It is important to note that the locations of hotspots and reaction rates therein are strongly constrained by a system’s transport properties, boundary conditions, and the stoichiometry of reactions. This is because at steady state stoichiometric ratios of substrates used by reactions in a hotspot need to match the substrate flux ratios into the hotspot, which in turn depend on a hotspot’s distance to substrate sources (such as the system’s boundaries). For illustration, consider the hypothetical scenario where sulfide diffuses upward from the sediments through a water column and into an oxic/sulfidic transition zone (modeled as a hotspot), where it is entirely oxidized using downward diffusing oxygen according to a stoichiometric ratio of ${\mathrm{O}}_2:{\mathrm{H}}_2\mathrm{S}=2:1$ (Fig. 2A). If we assume for simplicity that the diffusivity $D$ is the same for both ${\mathrm{O}}_2$ and ${\mathrm{H}}_2\mathrm{S}$ and constant across depths, then at steady state the oxygen and sulfide fluxes into the hotspot will be $f_{{\mathrm{O}}_{\mathrm{2}}}=D\cdot C_{{\mathrm{O}}_{\mathrm{2}}}\left(z_t\right)/\left(z_h-z_t\right)$ and $f_{{\mathrm{H}}_{\mathrm{2}}\mathrm{S}}=D\cdot C_{{\mathrm{H}}_{\mathrm{2}}\mathrm{S}}\left(z_b\right)/\left(z_b-z_h\right)$, respectively, where $z_t$ and $z_b$ are the depths of the top and bottom boundaries of the system and $z_h$ is the (a priori unknown) hotspot depth. Stoichiometric balancing implies that $f_{{\mathrm{O}}_{\mathrm{2}}}/f_{{\mathrm{H}}_{\mathrm{2}}\mathrm{S}}=2$, which after some algebraic reordering leads to

$$z_h\hspace{0.17em}=\left[2z_t+z_b\frac{C_{{\mathrm{O}}_{\mathrm{2}}}\left(z_t\right)}{C_{{\mathrm{H}}_{\mathrm{2}}\mathrm{S}}\left(z_b\right)}\right]\cdot {\left[2+\frac{C_{{\mathrm{O}}_{\mathrm{2}}}\left(z_t\right)}{C_{{\mathrm{H}}_{\mathrm{2}}\mathrm{S}}\left(z_b\right)}\right]}^{-1}.$$ [2]

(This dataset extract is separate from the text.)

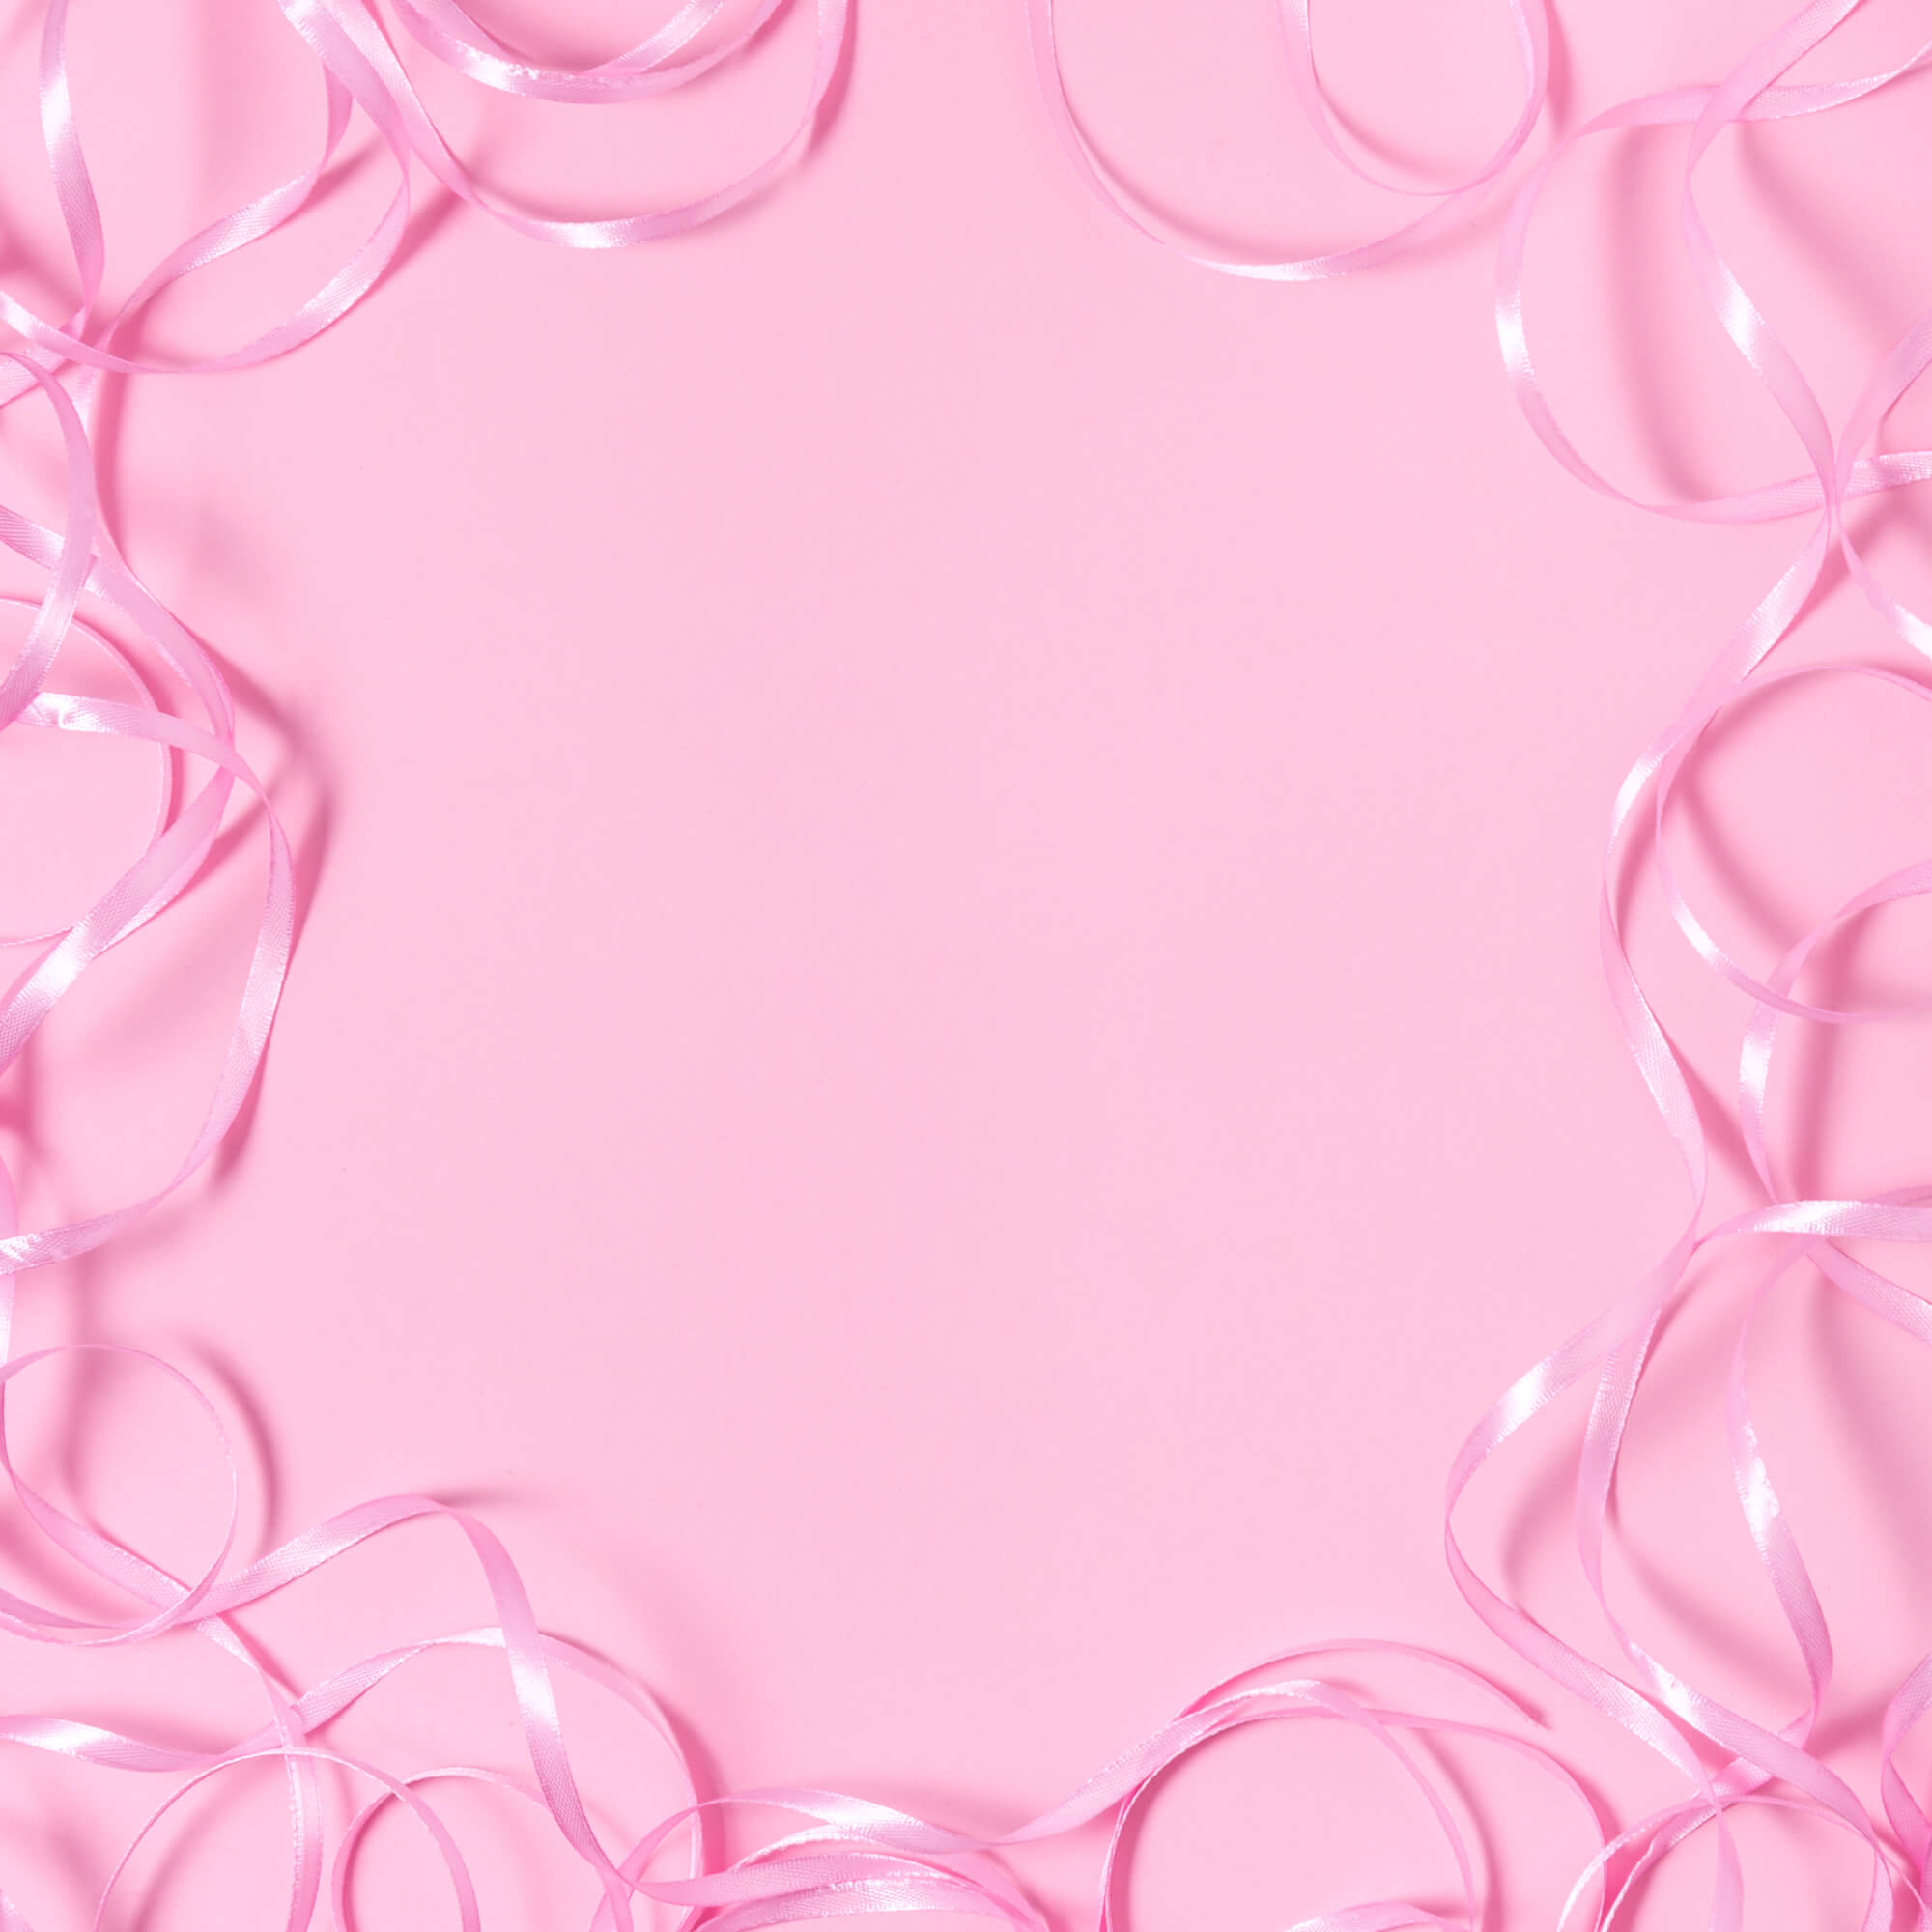 HD Pink Background Images: Free Download

Thus, if the boundary concentrations $C_{{\mathrm{O}}_{\mathrm{2}}}\left(z_t\right)$ and $C_{{\mathrm{H}}_{\mathrm{2}}\mathrm{S}}\left(z_b\right)$ are specified, the hotspot location, the vertical fluxes, and thus the reaction rate can be determined regardless of the underlying kinetics (see Fig. 2A for illustration and Fig. 2B for a more complex example). Similar algebraic arguments can in fact also be made for more complex scenarios, for example in the presence of multiple hotspots and reactions or in cases where $D$ varies across depth or between metabolites; however, explicit algebraic solutions become increasingly difficult to retrieve. A more flexible and scalable numerical approach for determining hotspot locations and reaction rates based on the same principles is thus presented below.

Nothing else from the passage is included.